The backbone density is very well defined for all four polypeptide chains, except for two surface loops involving residues 217–218 and 354–356 in both halves of the molecule. The amino terminus of the small polypeptide (residues 2–6) is poorly ordered in the A half but well ordered in the B half where the side chains of Glu3and Gln4 are involved in hydrogen bonding with residues in a symmetry-related molecule. Conversely, the carboxyl terminus of the large polypeptide (residues 576–578) is poorly ordered in the B half but well defined in the A half where the terminal carboxyl group is hydrogen bonded to the amide nitrogen of Gln75 in a neighboring molecule. A number of side chains on the surface of the molecule (15 in the A half and 23 in the B) exhibit some degree of disorder, although in many cases this is limited to truncated density for the termini of the longer side chains of arginine and lysine.
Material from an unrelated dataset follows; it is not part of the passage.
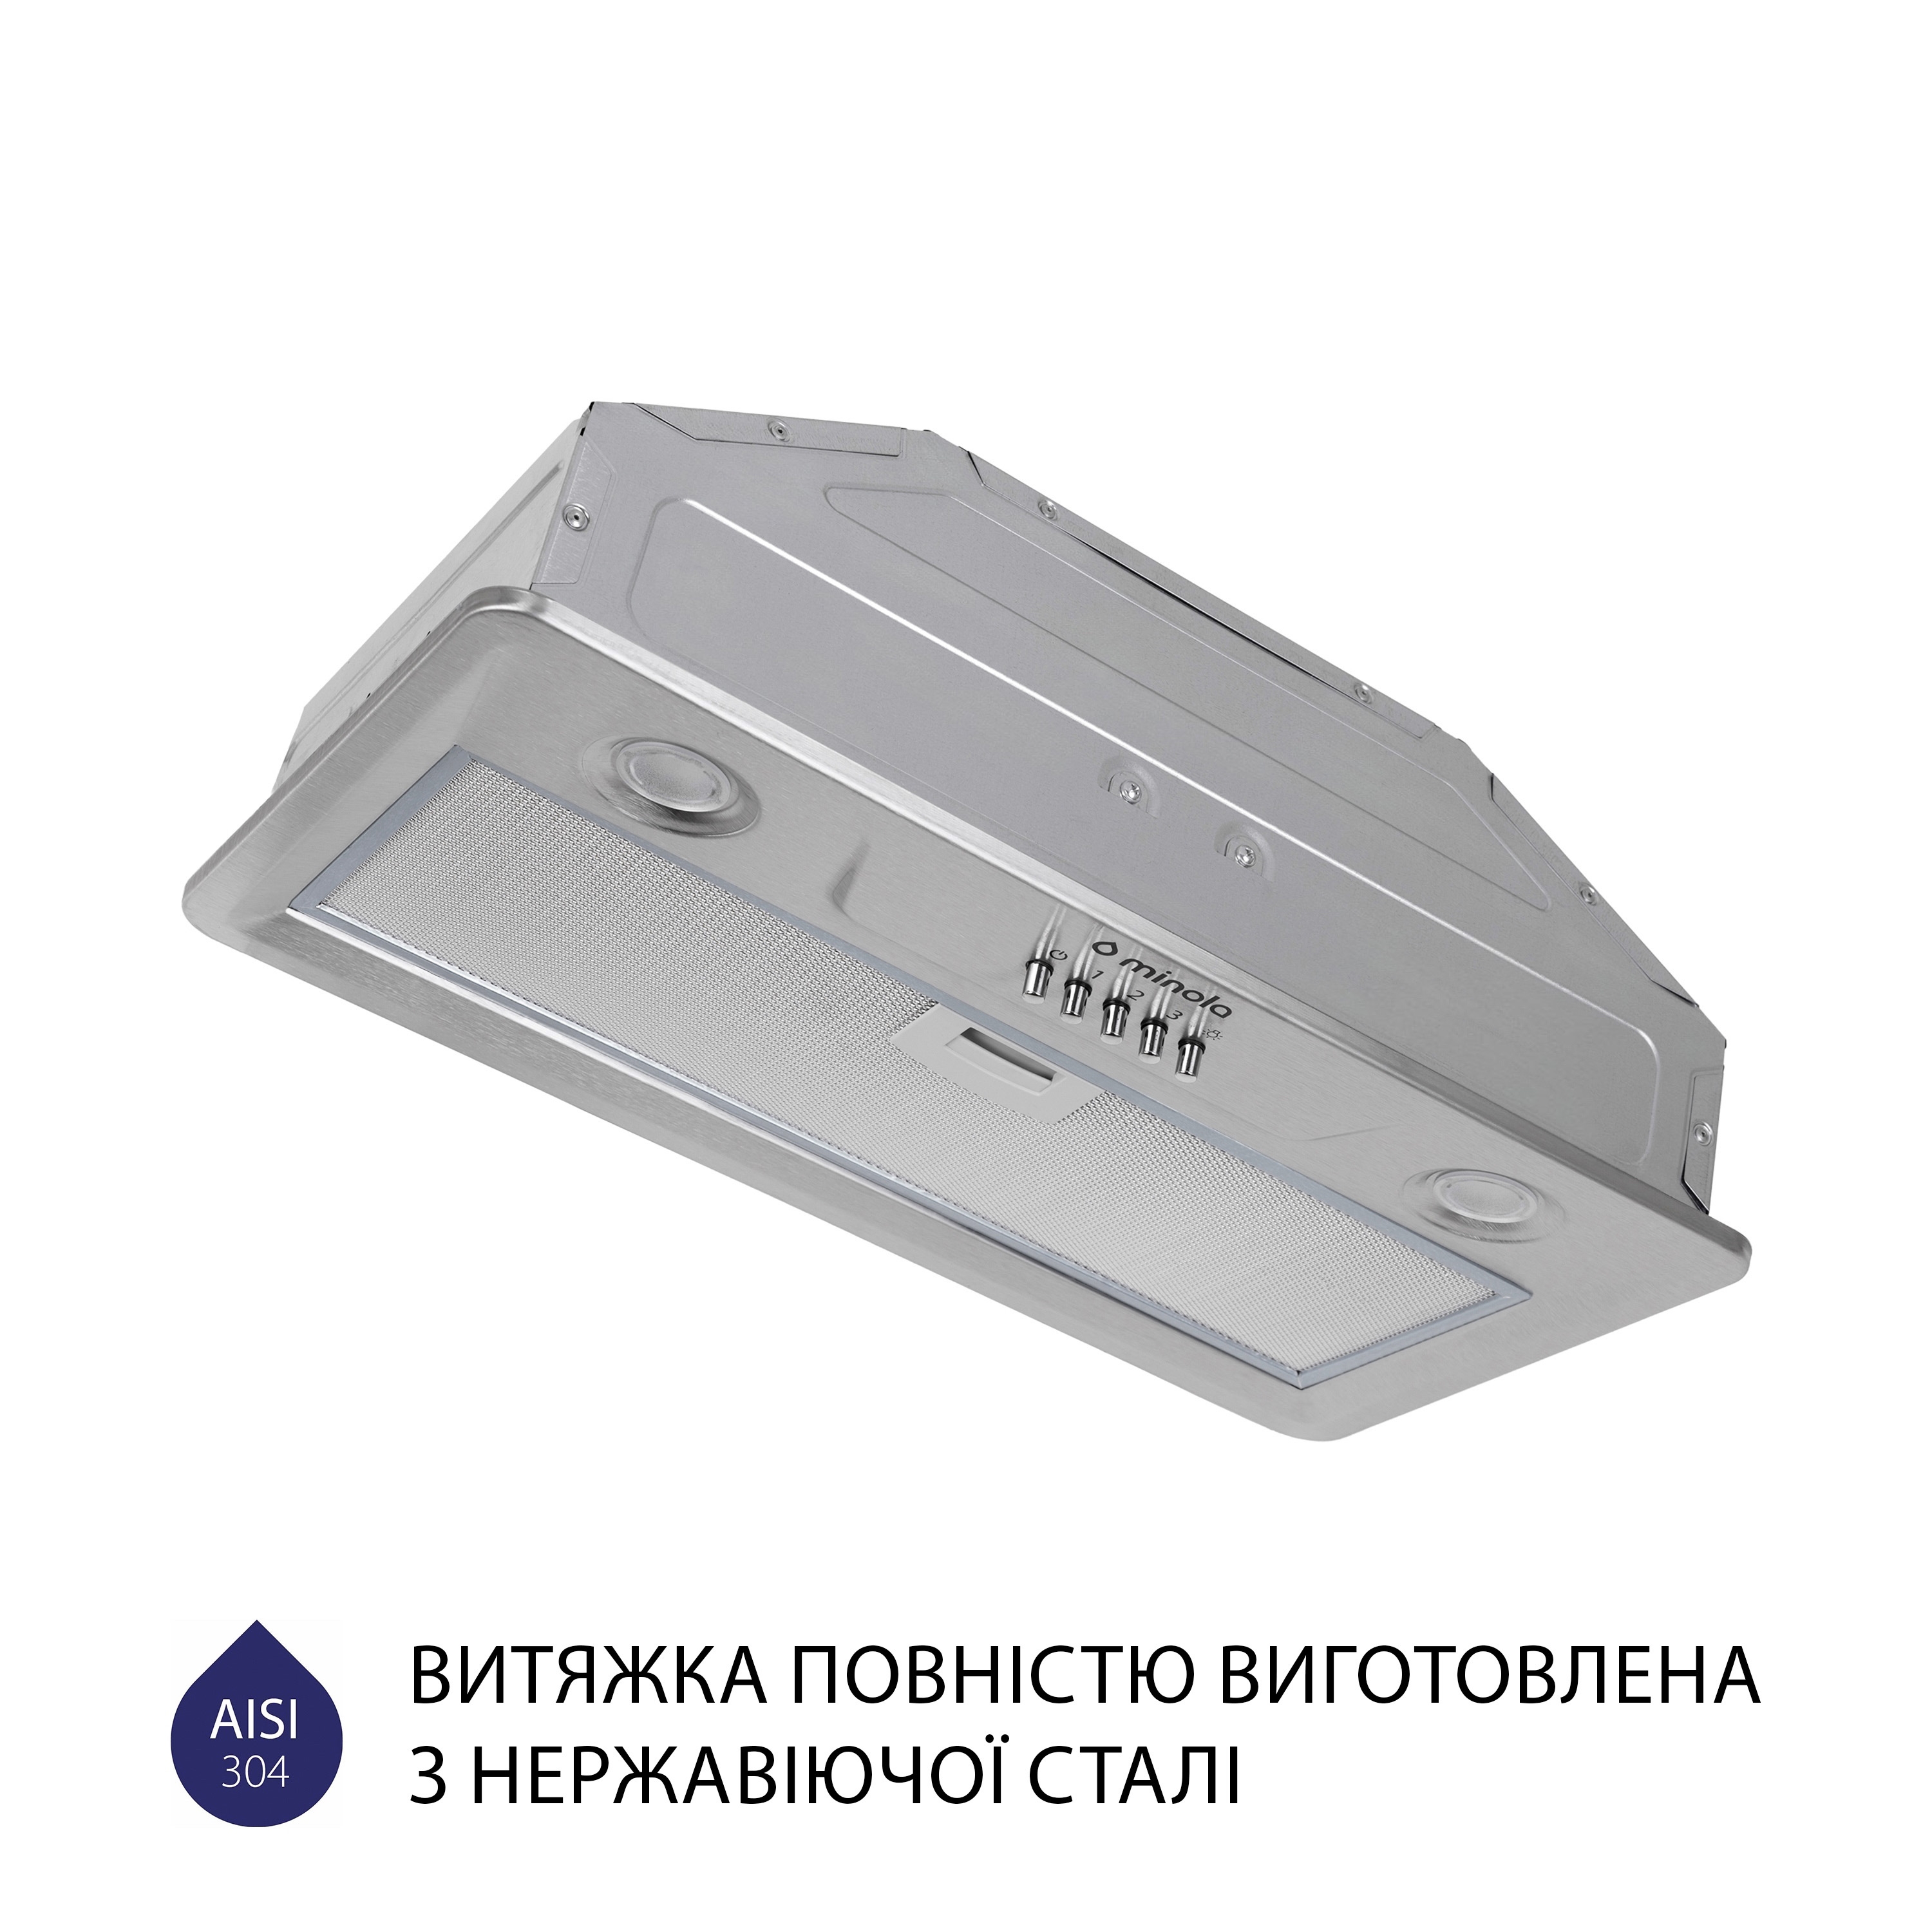 продаём Minola HBI 5202 I 700 LED в Украине - фото 4

Structural Features of MPO
The overall polypeptide fold for human MPO (Fig. 1) is the same as reported previously for the dog enzyme (
) and described briefly in the introduction. However, the higher resolution of the current electron density map has allowed more detailed characterization of a number of structural features. The calcium-binding site has typical pentagonal bipyramidal coordination. The Oγ of Ser174 and the peptide carbonyl oxygen of Phe170 provide the axial ligands, whereas the other five ligands (Asp96 carboxyl oxygen and peptide carbonyl oxygen, Thr168 hydroxyl and peptide carbonyl oxygens, and Asp172 carboxyl oxygen) are arranged approximately co-planar. Five of these ligands arise from residues within the 168–174 loop of the large polypeptide, whereas the other two involve Asp96, which is adjacent to the distal His95 in the small polypeptide. The orientations of all of the sugars comprising the Asn317 glycosylation site have been determined. The carbohydrate chain consists of the standard (GlcNac)2-(Man)3 structure with a fucose 1–6 linked to the first GlcNac. Interactions between these sugar chains in the two halves of the molecule make up much of the dimer interface in MPO. Details of the carbohydrate conformation and its interactions with the protein will be presented elsewhere.
Figure 1Entire MPO dimer, viewed along the molecular dyad axis. The large polypeptides of the two halves are coloredred and blue, whereas the small polypeptides are in lighter shades of the same colors. Other color coded features include: hemes (green), carbohydrate (orange), calcium (purple), and chloride (yellow). At the center of the molecule the disulfide linking the two halves is shown in black.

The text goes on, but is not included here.